Objective  To explore the diagnostic value of the molecular imaging prostate specific membrane antigen (miPSMA) score based on ¹⁸F-PSMA-1007 PET/CT and improved miPSMA score for benign and malignant prostate lesions.

Methods  A cross-sectional study design was employed and a retrospective analysis was conducted on 125 patients with suspected prostate cancer (PCa) who underwent ¹⁸F-PSMA-1007 PET/CT imaging at Cancer Hospital Affiliated to Shanxi Medical University from July 2018 to April 2023. The patients were aged (67.1±9.4) years, with an age range of 39–87 years. An improved miPSMA score was established as follows: histopathological examination results were adopted as the "gold standard", a receiver operating characteristic (ROC) curve was drawn to diagnose PCa on the basis of the maximum standardized uptake value (SUV_max) of prostate lesions, the optimal diagnostic threshold was determined, and the ratio of the optimal diagnostic threshold to the mean standardized uptake value (SUV_mean) of the spleen (denoted as Δ%) was calculated. With Δ% of spleen SUV_mean as the boundary, point 1 (benign) in the miPSMA score was refined into 1a points (benign) and 1b points (suspected malignant) in the improved miPSMA score. Improved miPSMA scores≤1a, =1b, and ≥2 were diagnosed as benign prostate disease, suspected malignant prostate disease, and PCa, respectively. Two independent sample t-tests or the Mann-Whitney U test was used to compare the quantitative data, while the four-grid chi square test was used to analyze the counting data. The Kappa test was employed to analyze the consistency between the diagnostic results of the two scoring methods and the histopathological examination results. ROC curves were utilized to compare the diagnostic efficacy of the two scoring methods for benign and malignant prostate lesions.

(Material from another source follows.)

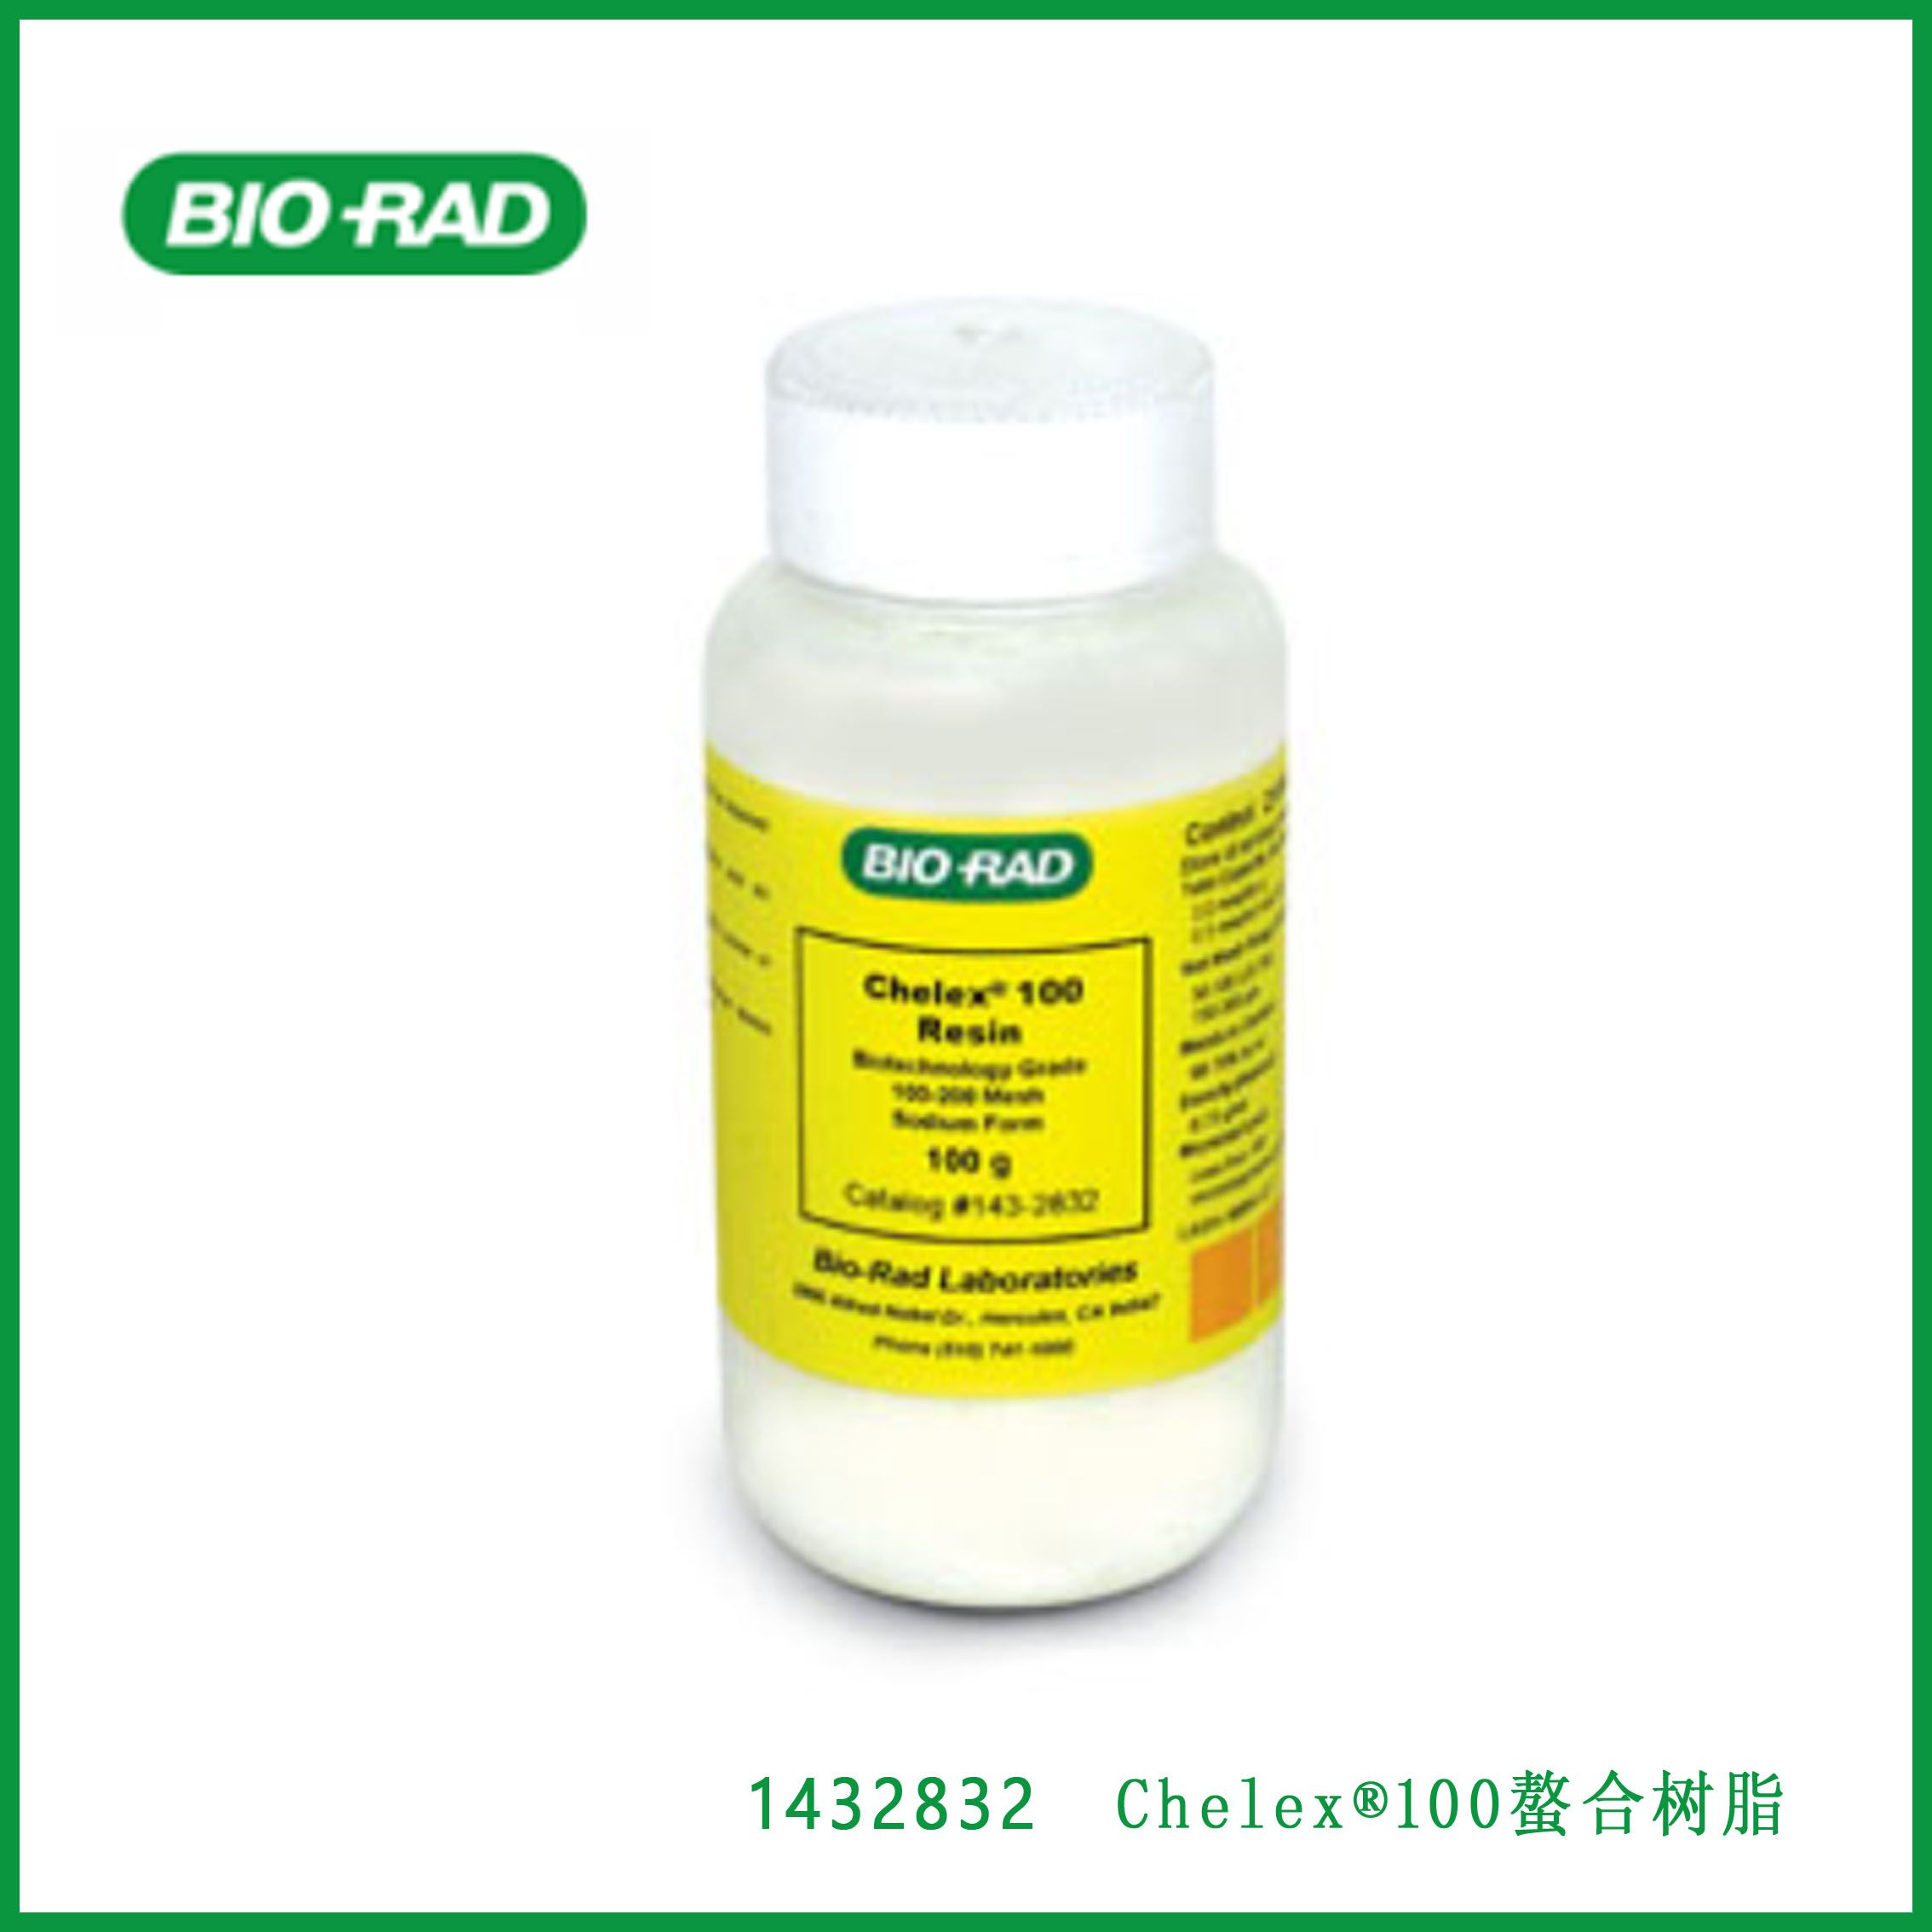 伯乐Bio-Rad 1432832 Chelex® 100 Chelating Resin, biotechnology grade, 100–200 mesh, sodium form, 100 g - 1432832 Chelex®100螯合树脂，生物技术级，100–200目，钠型，100 g，现货

Results  The prostate-specific antigen levels of the 125 patients were 24.50 (10.60, 75.50) ng/ml. Among the 125 patients, 81 were confirmed to have PCa via histopathological examination, and 44 were confirmed to have benign prostate lesions via puncture and follow-up for more than six months. The differences in age, prostate-specific antigen, and SUV_max between the patients with PCa and those with benign prostate lesions were statistically significant (t=1.20, Z=4.57, 8.08; all P<0.05). Compared with the false negative rate of the miPSMA score, that of the improved miPSMA score was largely reduced (24.69%(20/81) vs. 4.94%(4/81)), and the difference was statistically significant (χ²=26.17, P<0.001). Sensitivity (75.31%(61/81) vs. 95.06%(77/81)), accuracy (84.00%(105/125) vs. 94.40%(118/125)), and the negative predictive value (68.75%(44/64) vs. 91.11%(41/45)) substantially increased, and the differences were statistically significant (χ²=28.02, 18.25, 32.11; all P<0.05). Specificity (100%(44/44) vs. 93.18%(41/44)) and the positive predictive value (100%(61/61) vs. 96.25%(77/80)) slightly decreased, but the differences were not statistically significant (χ²=9.61, 8.05; both P>0.05). The false positive rate (0%(0/44) vs. 6.82%(3/44)) increased, but the difference was not statistically significant (χ²=13.40, P=0.053). The Kappa test showed that the improved miPSMA score had high consistency with the histopathological examination results (Kappa=0.878, P<0.001), and the consistency between the miPSMA score and histopathological examination results was moderate (Kappa=0.682, P<0.001). ROC curve analysis revealed that the area under the curve (AUC) of the miPSMA score and the improved miPSMA score for diagnosing benign and malignant prostate lesions was 0.877 (95%CI: 0.806–0.929) and 0.941 (95%CI: 0.884–0.975), respectively. The difference in AUC between the two scoring methods was statistically significant (Z=2.19, P=0.028).

Conclusions  The diagnostic efficacy of the improved miPSMA score for benign and malignant prostate lesions is better than that of the miPSMA score. The former substantially reduces the false negative rate.